Allison, White win Hands on Nashville volunteer awards
Allison was named 2010 recipient of the Community Impact Volunteer Award Presented by Mars Petcare for his work with FiftyForward Friends Learning in Pairs, a tutoring program for school children.
He donated more than 1,100 hours to the program during the past five years.
Allison is a fixture at Vanderbilt where he has volunteered with Vanderbilt-Ingram Cancer Center, Monroe Carell Jr. Children's Hospital at Vanderbilt and the Infusion Clinic at Vanderbilt. He also spends time helping out at the Nashville Zoo and the Nashville Humane Association.
Vanderbilt Heart Red Coat Ambassador, Jim White, is the 2010 recipient of the Volunteer Innovator Award presented by CMT One Country.
The Volunteer Innovator Award recognizes individuals or groups who have responded creatively to an unmet community need by designing a volunteer program, practice or response, or by adding innovation to an existing program or agency.

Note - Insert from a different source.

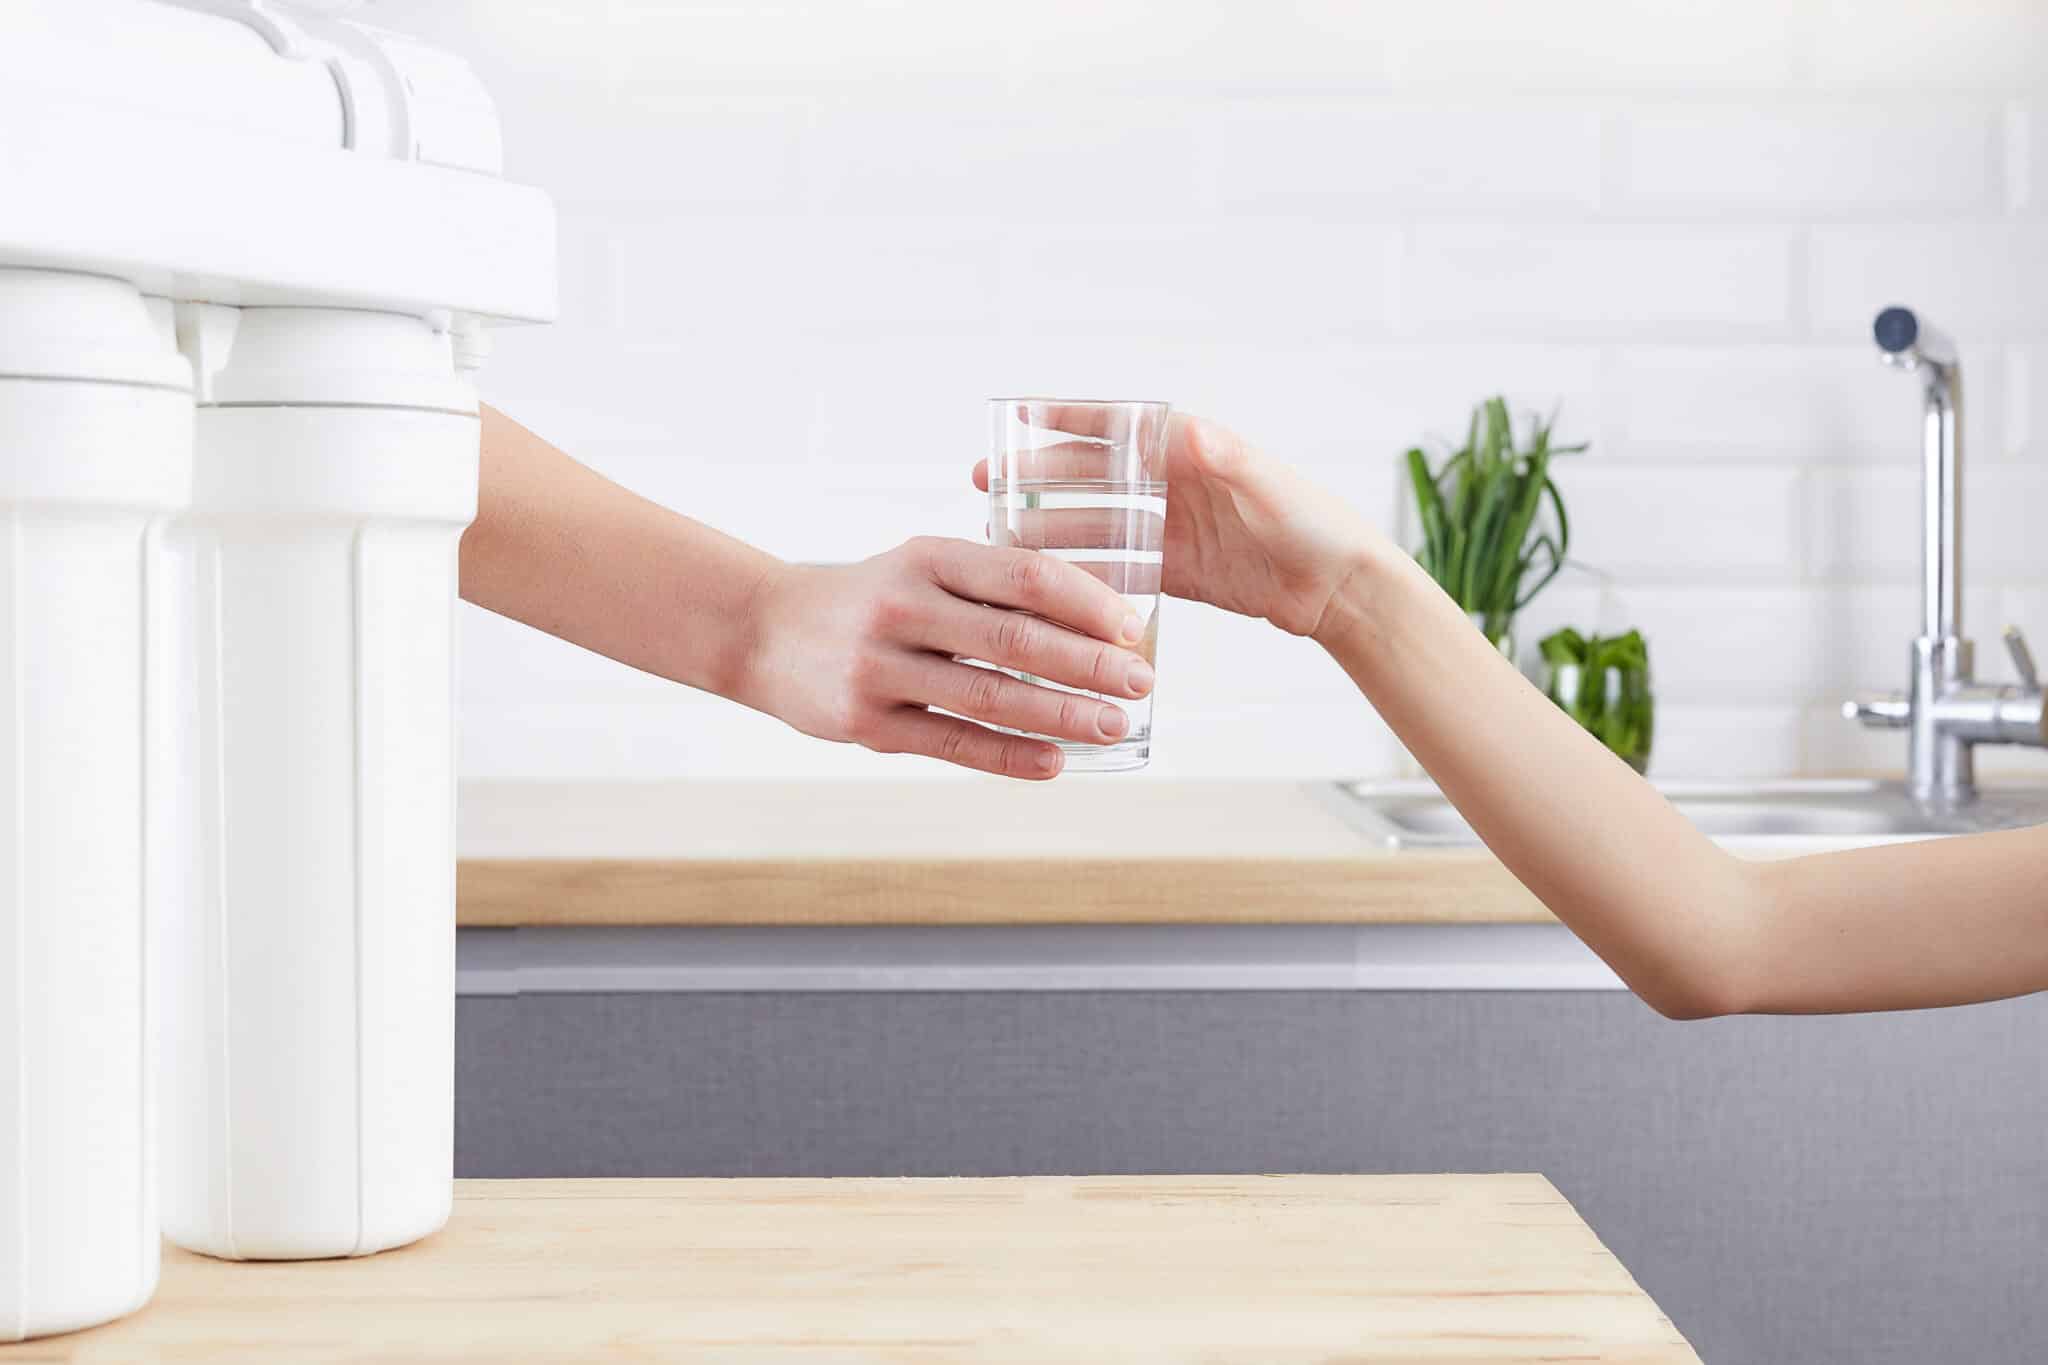 A water filtration system beside a female hand offering a glass of clean water, symbolizing purified water and a healthy life concept.
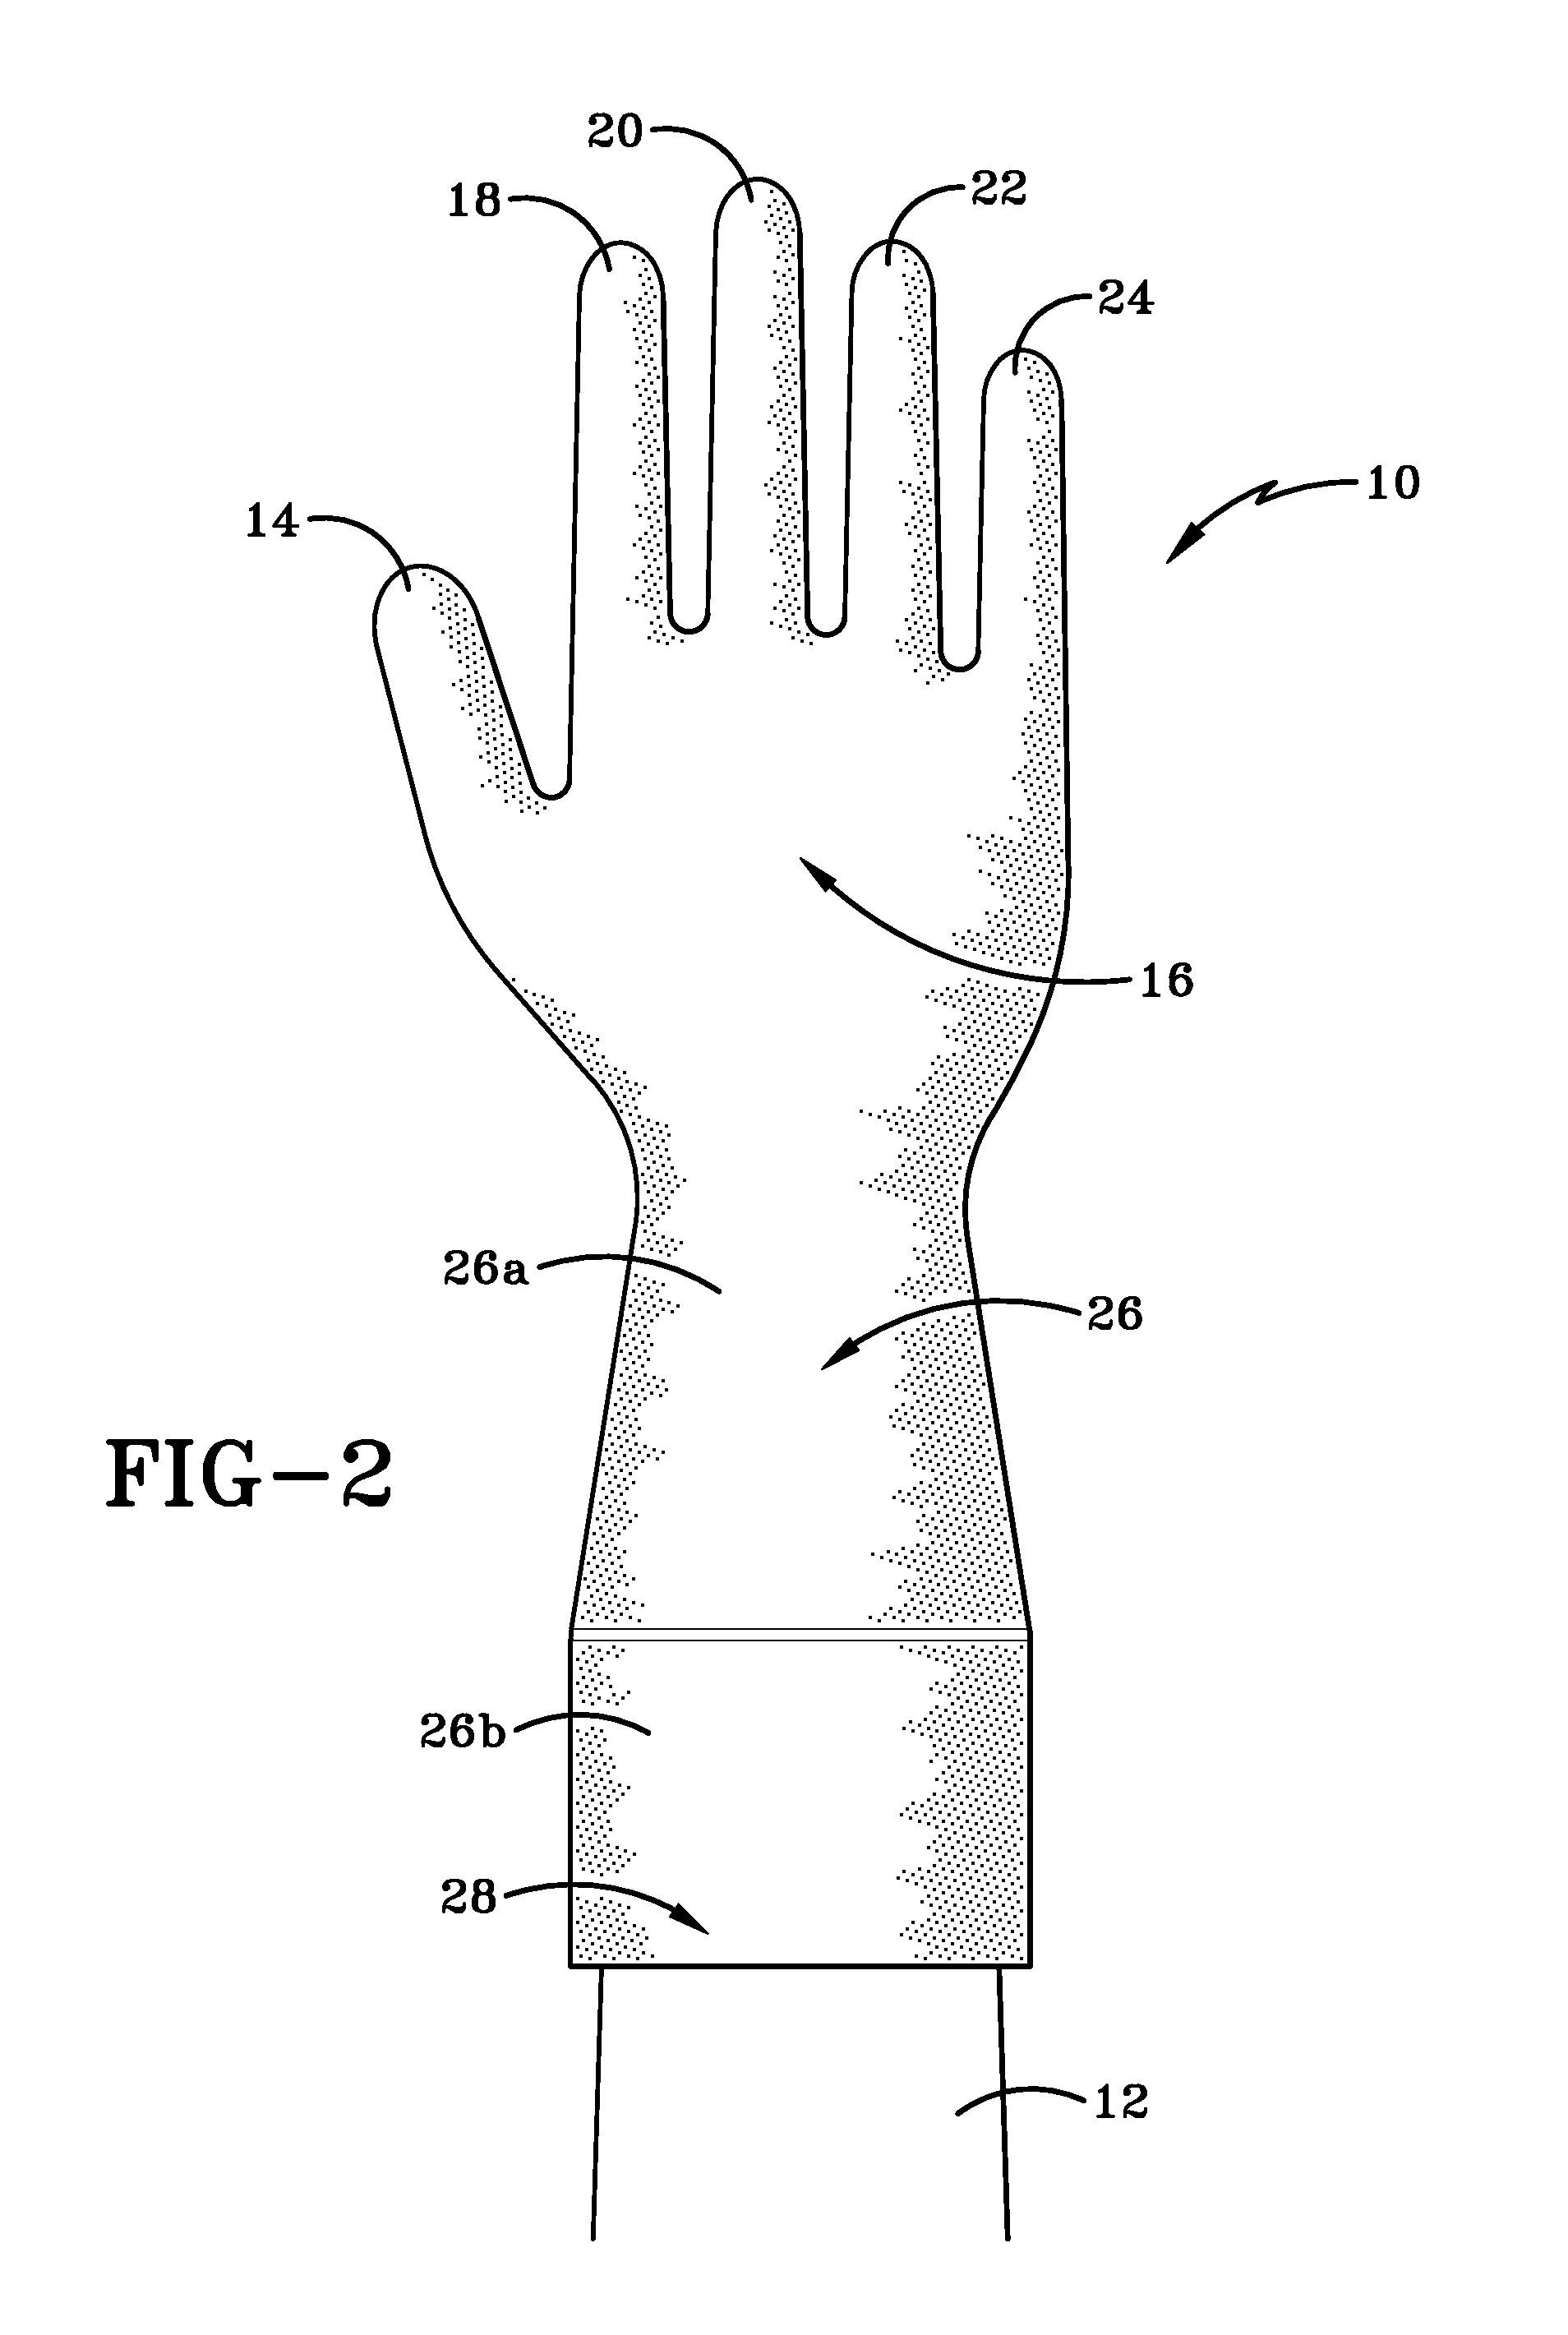 Method of fabricating a glove with a widened cuff area

White was the first Vanderbilt Heart Red Coat Ambassador, greeting patients and assisting them to their destinations throughout the campus.
He helped create a new volunteer position, the “Heart Institute Inpatient Visitor,” for volunteers who can relate to patients and lean on personal experience to help them through their treatment.
The efforts have been so successful that Vanderbilt has created similar volunteer programs in other areas of the hospital.
“Our volunteers provide an invaluable service to patients and their families, guiding them to appointments, helping them navigate sometimes confusing hallways, and working to make them more comfortable during their time at Vanderbilt,” said Andy Peterson, manager of Volunteer Services.
“The Vanderbilt Strobel Award winners and nominees are part of a larger group of nearly 750 Vanderbilt volunteers who generously donate their time to help our visitors each and every day.”